Механик поворачивает к матросу доброе, усталое лицо мастерового. Из-под коротких рыжеватых бровей понимающе смотрят карие глаза, жесткий чубчик падает на изрезанный морщинами лоб.
Из всей команды только Равиль иногда называет этого человека полным именем - Хусейн Арифович. На катере и в китокомбинате «Подгорный» его зовут запросто - Костя. Иной раз - дядя Костя. Да и самого Равиля семь дней назад, когда он поступил матросом на буксирный катер «Ж-257», тоже окрестили по-новому - Роман. Так и зовут пока: то Равиль, то Роман. Новое имя непривычно, но по душе парню: оно звучное, мужественное, совсем как та новая морская жизнь, о которой он мечтал еще с весны, орудуя плотничьим топором в стройцехе «Подгорного».
Дядя Костя тоже татарин. Но если в Равиле каждый встречный узнает татарина по скуластому лицу с девичьим румянцем во всю смуглую щеку, по агатовым грустным глазам и небольшому, слегка приплюснутому носу, то б механике, пожалуй, от татарского облика ее осталось ничего. Разве что жесткая прямизна волос и едва уловимая раскосинка: она бывает очень приметна у детей, но с годами исчезает, теряется в морщинах, оседает под грузом отяжелевших век.
- Я и на самолете не травил, - оправдывается Равиль.
- Самолет! Тоже сравнил! - презрительно замечает механик. -Это вроде каюты люкс на теплоходе: лети на здоровье. На «Жучке» еще не раз потравишь, пока из тебя пехота вон.- И, заметив, что парня снова начинает мутить, он посоветовал: - Поди в кубрик, ложись, как новичок имеешь полное право.
Равиль выскользнул на палубу, захлопнул люк машинного отсека и схватился за шторм-трос.

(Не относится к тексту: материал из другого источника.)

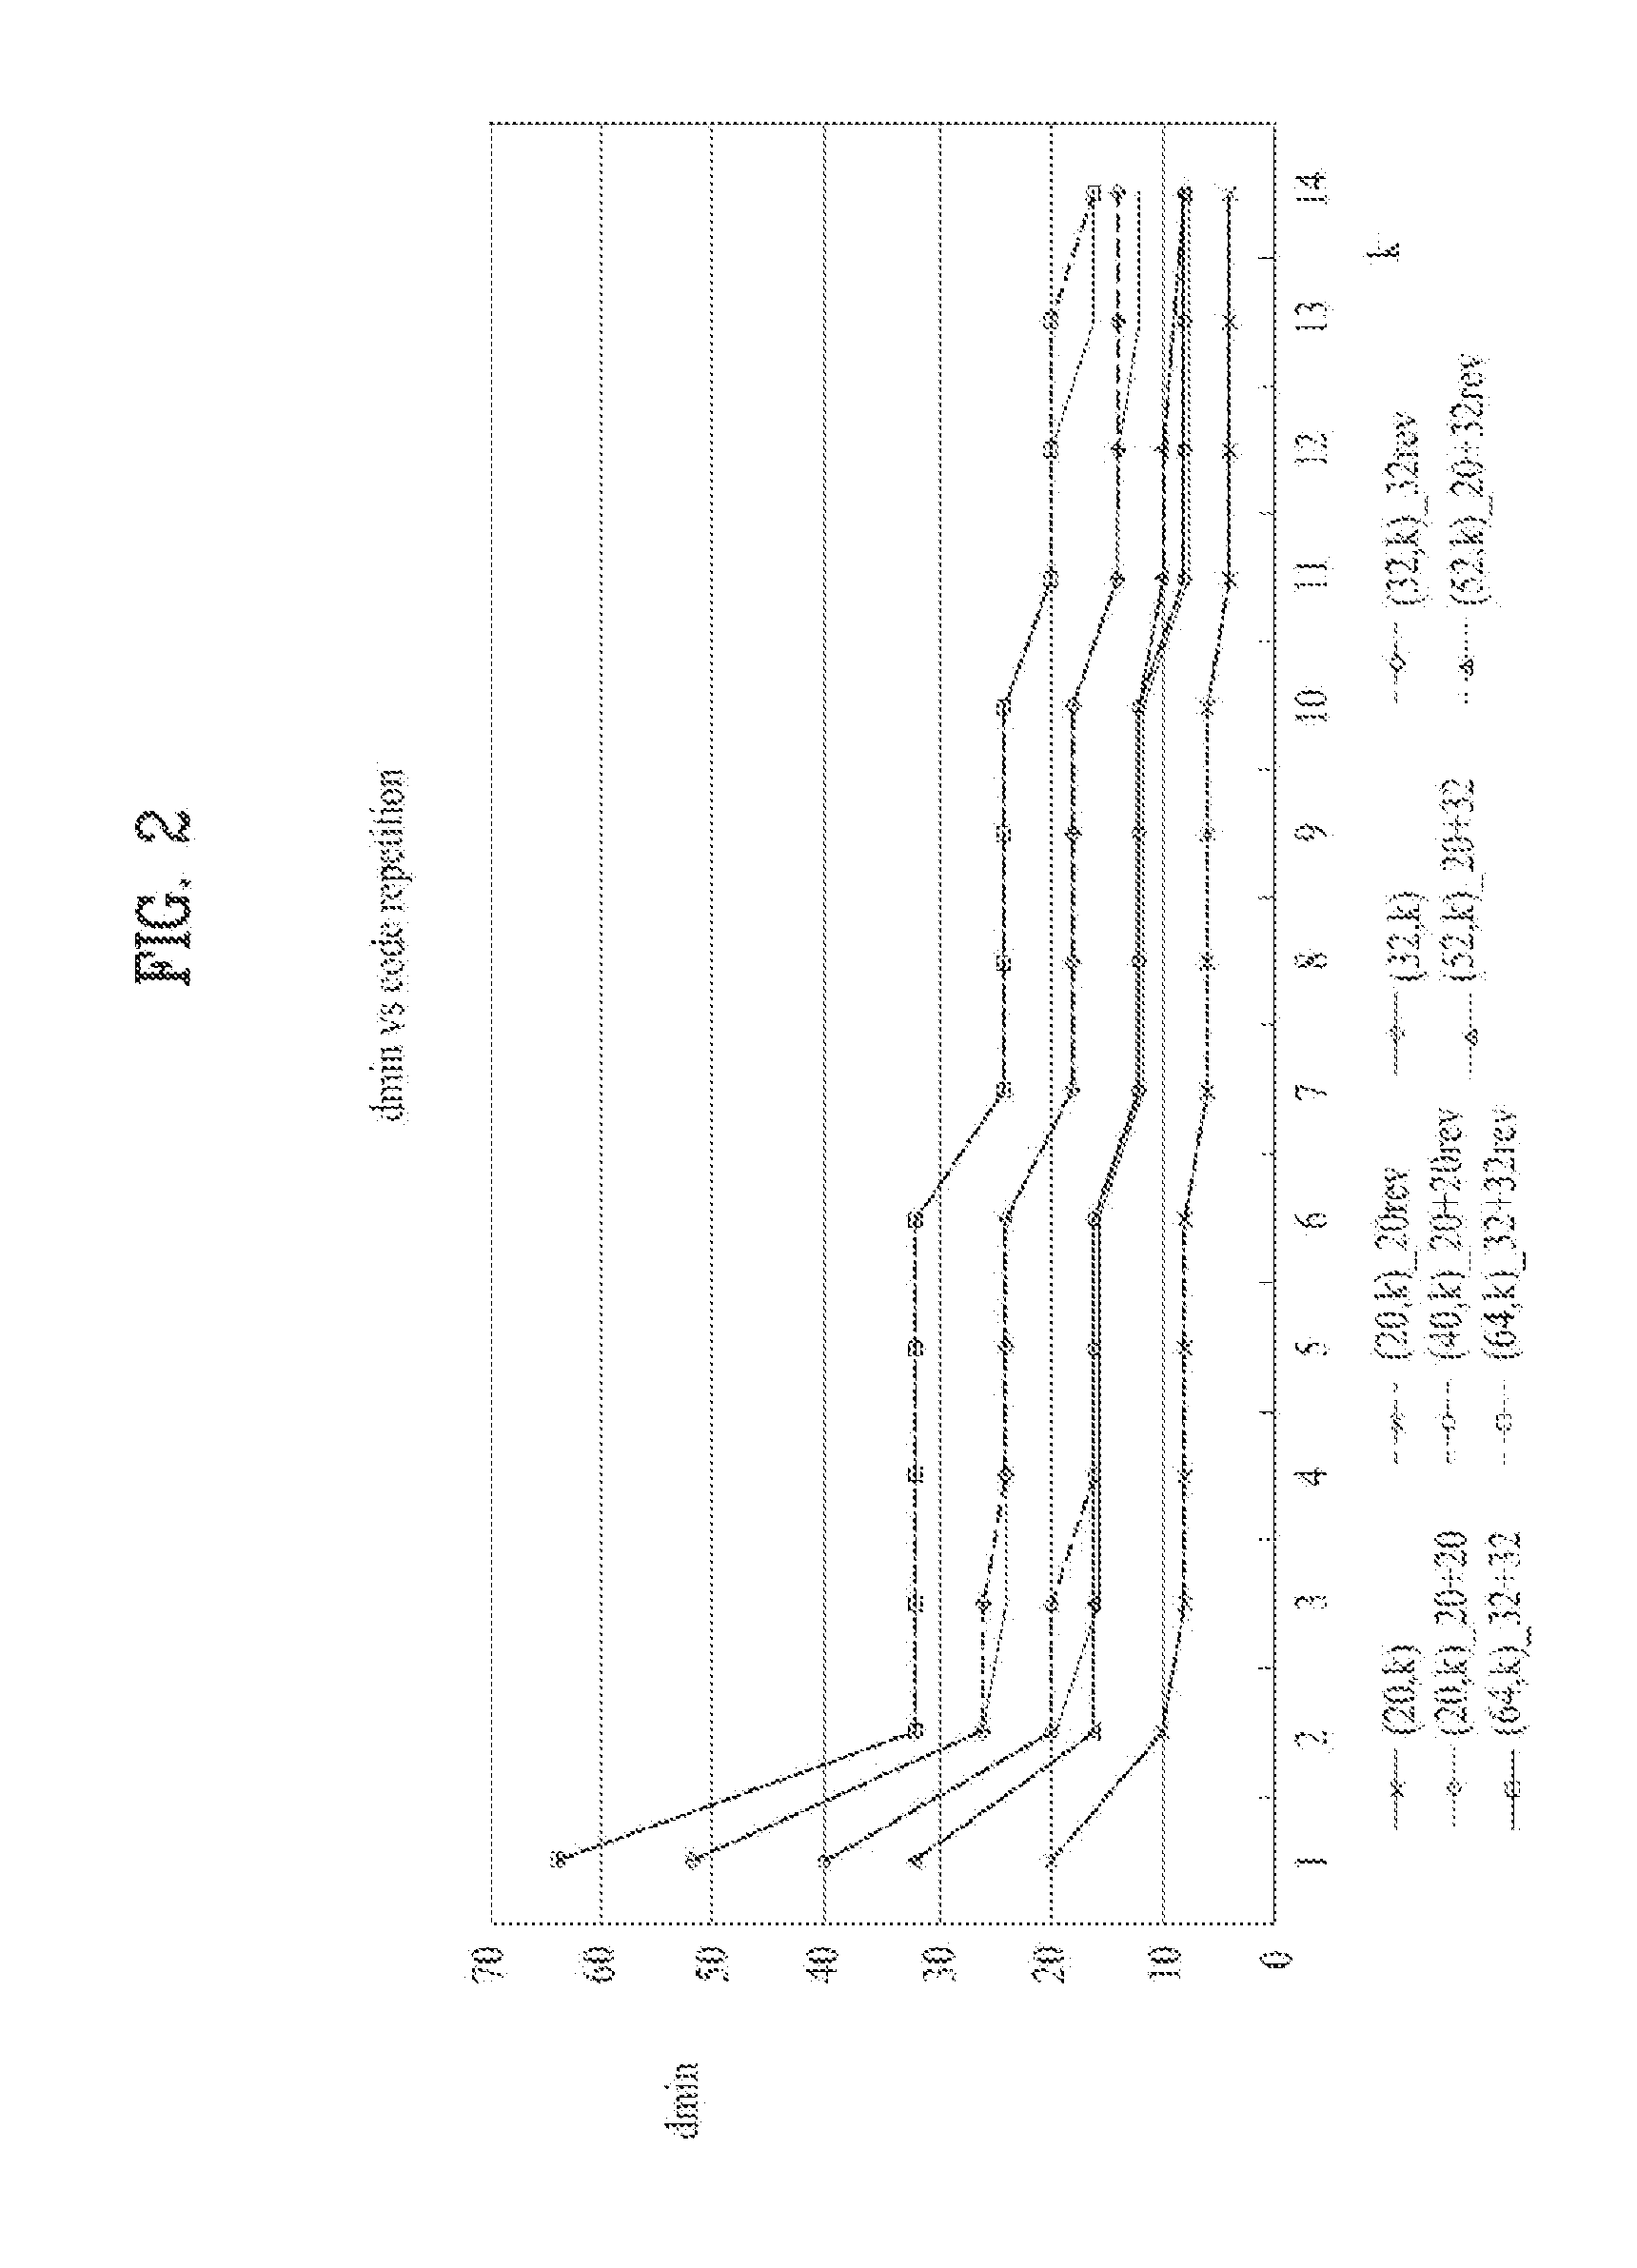 Channel coding method of variable length information using block code

Вход в кубрик был по правому борту, за камбузом, и молодому матросу некуда было укрыться от волны. Она окатила его всего - от поношенных полуботинок до солдатской ушанки - и больно ударила о камбузную дверь. Заметив в иллюминаторе кока, Равиль прошмыгнул в камбуз.

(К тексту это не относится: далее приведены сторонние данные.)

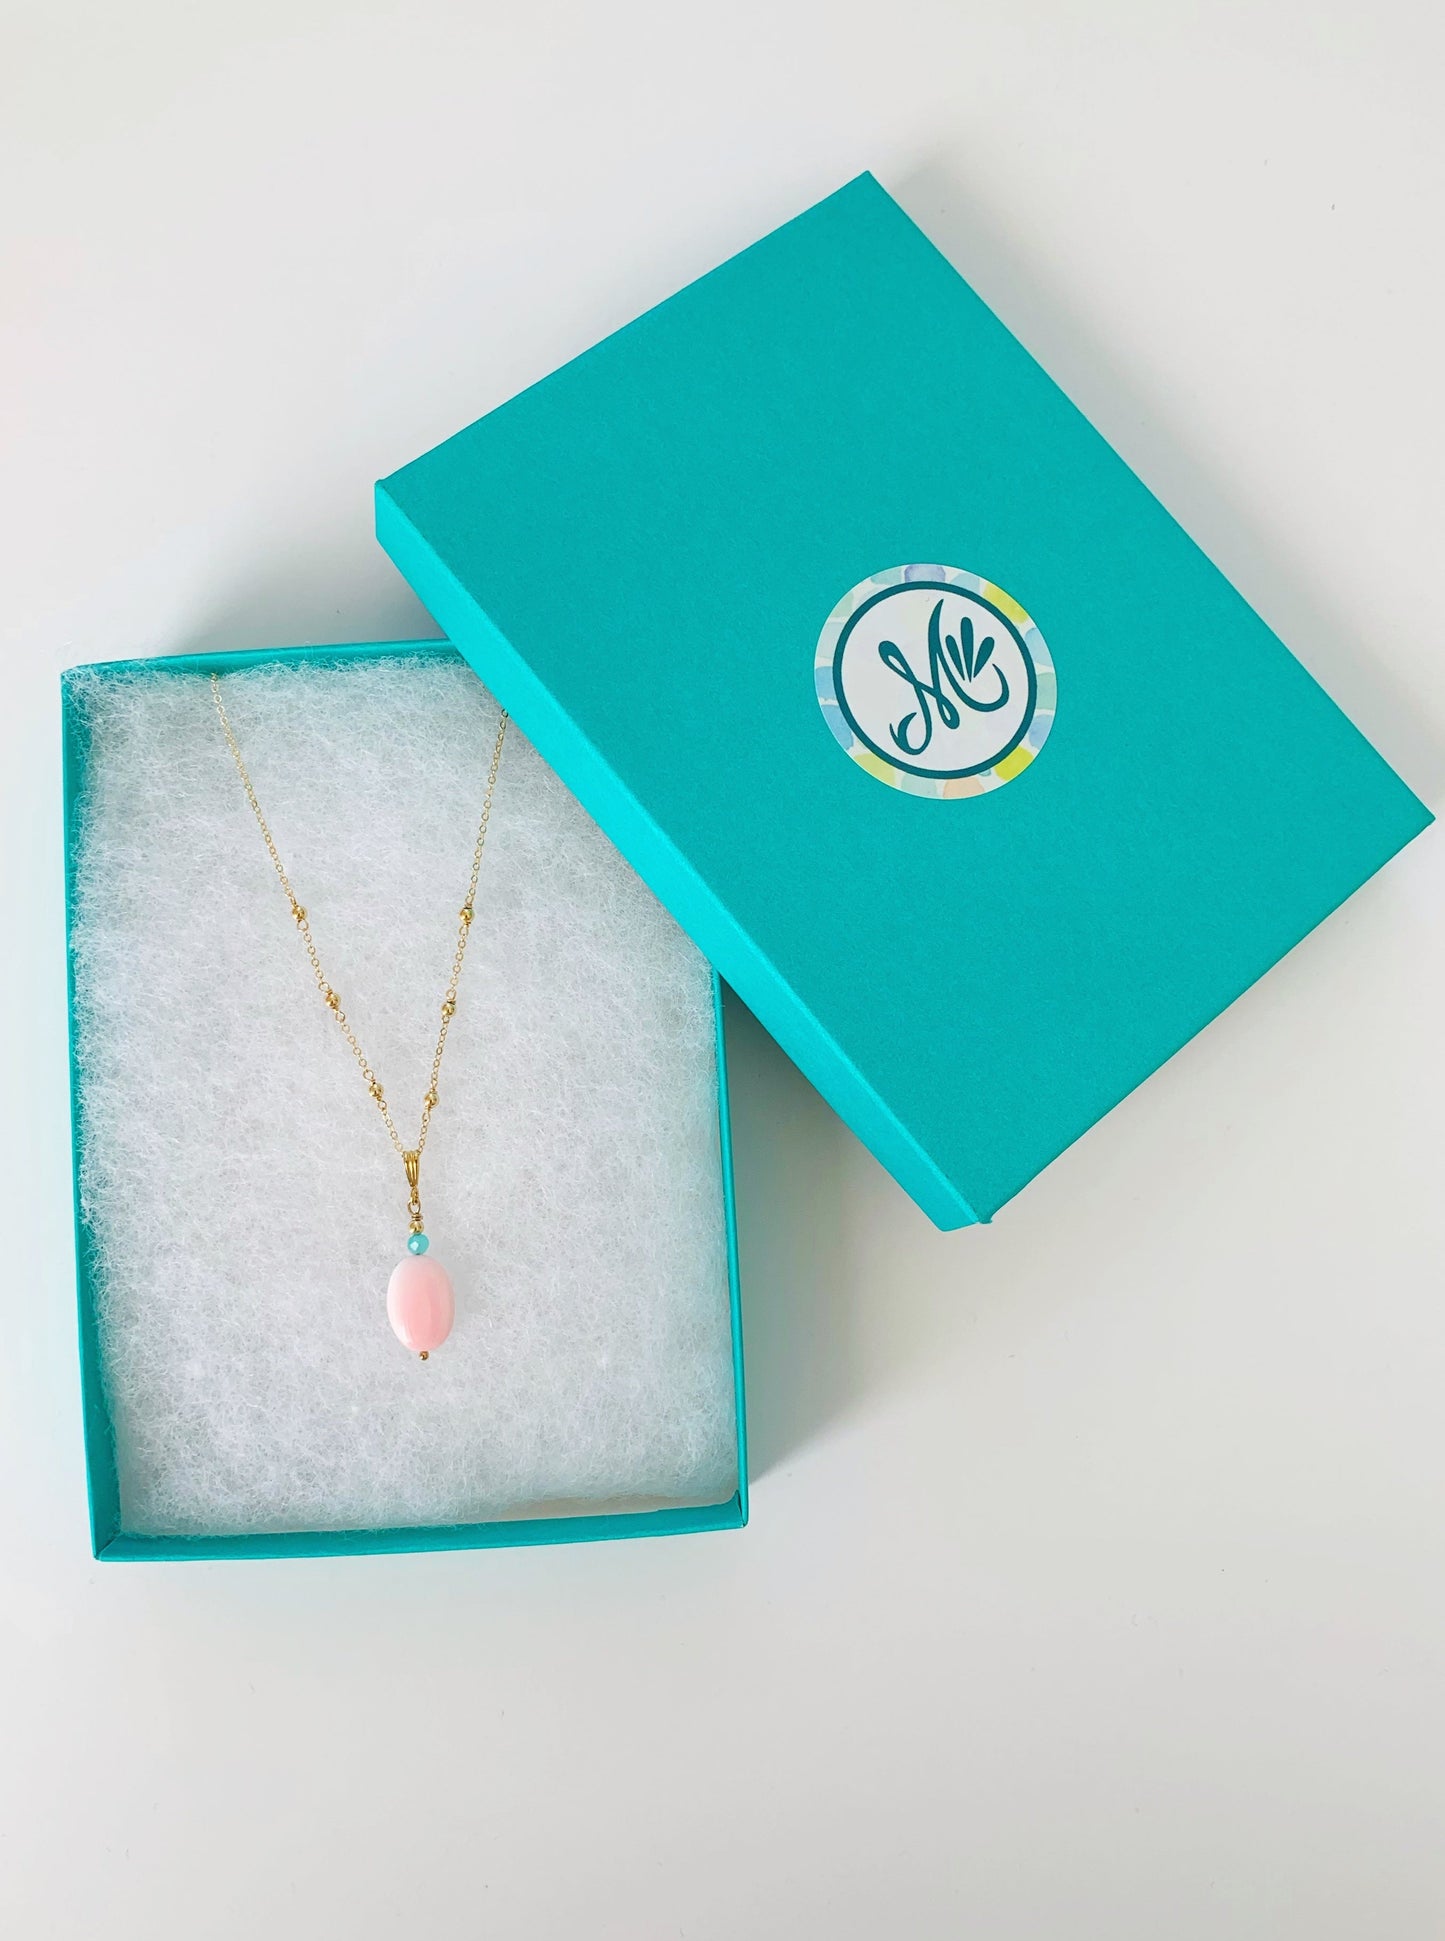 the sanibel necklace photographed in a teal gift box on a white surface

Повар Коля Воронков, едва не сбитый с ног, ругнулся незлобиво и повернул к Равилю нервное, испитое лицо.
- А-а, Роман, - удивленно сказал он. - Чего тебя черти носят? Рубать захотел?
- Что ты! - Матрос даже отшатнулся, закрыв лицо рукой.- Месяц кушать не буду.

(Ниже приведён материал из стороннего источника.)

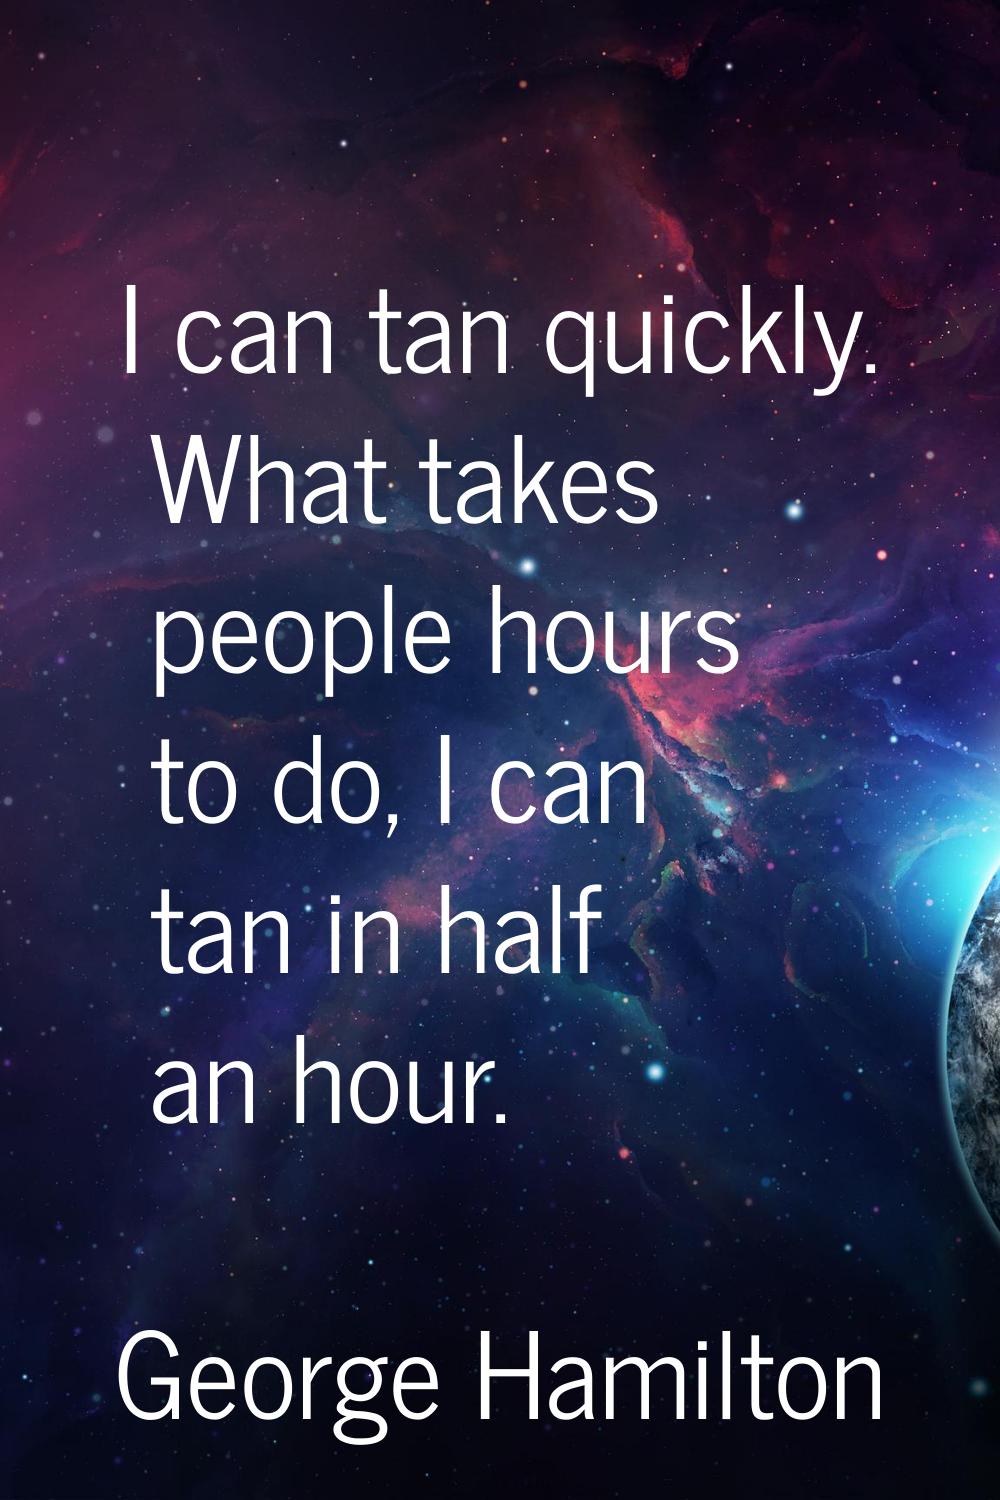 I can tan quickly. What takes people hours to do, I can tan in half an hour.

Кок рассмеялся. Смех гулко отдался в его слабых, прокуренных легких.
- Видал я таких великопостников! Достань-ка у меня в кармане трубку… В правом, в правом! - прикрикнул он.
Равиль, путаясь в рваной подкладке, вытащил из кармана его пиджака темную, с металлическим ободком трубку.
- Узнаешь? - спросил кок. - Это трубка Каликанова. Вчера ты уснул, а мы еще в козла резались… Он пять сухих получил, на четвереньках уполз, даже трубку забыл.
Каликанов-старший механик с катера «Ж-135». Как и все буксирные «Жучки» владивостокской постройки, этот катер только номером отличался от «Ж-257». Те же обводы, те же пяти- и четырехмиллиметровые листы амурской стали, такая же машина и такие же парни, полагающие, что в мире нет дела достойнее и труднее того, которым заняты они. Каликанов считался чем-то вроде старейшины корабельных механиков комбината «Подгорный»: случалось, что с ним советовался и сам механик-наставник Северо-Курильского порта. Каликанов был азартным игроком в домино и «66», до одури обкуривал противников дымом увесистой, купленной в Сингапуре трубки, но из кубрика «Ж-257» он почти всегда уходил проигравшись. Сейчас катер «Ж-135» с Каликановым и капитаном Митрофановым, штурманом первого класса, шел передовым, в полумиле от «Ж-257», держа курс на Северо-Курильск.
- Представляешь, как бушует Каликанов!- продолжал повар.- Картина! Не выспался - раз, пять сухих - два, трубки нет - три… Ты мне табаку набей в трубку и раскочегарь.
Оборвав гильзы, Равиль втиснул в трубку две папиросы вместе с бумагой, раскурил и, хватаясь левой рукой за переборку камбуза, неловко сунул трубку повару в рот.
- Ну-у, последние зубы выбьешь! - пробормотал кок, обеими руками придерживая крышку большой алюминиевой кастрюли. - Борщ хотел сварить напоследок - экстра! Капусты достал, картошки, все заложил сюда, да вот видишь, какое дело…
Через сутки катер должен был закончить навигационный сезон, и кок хотел на прощание побаловать команду наваристым борщом.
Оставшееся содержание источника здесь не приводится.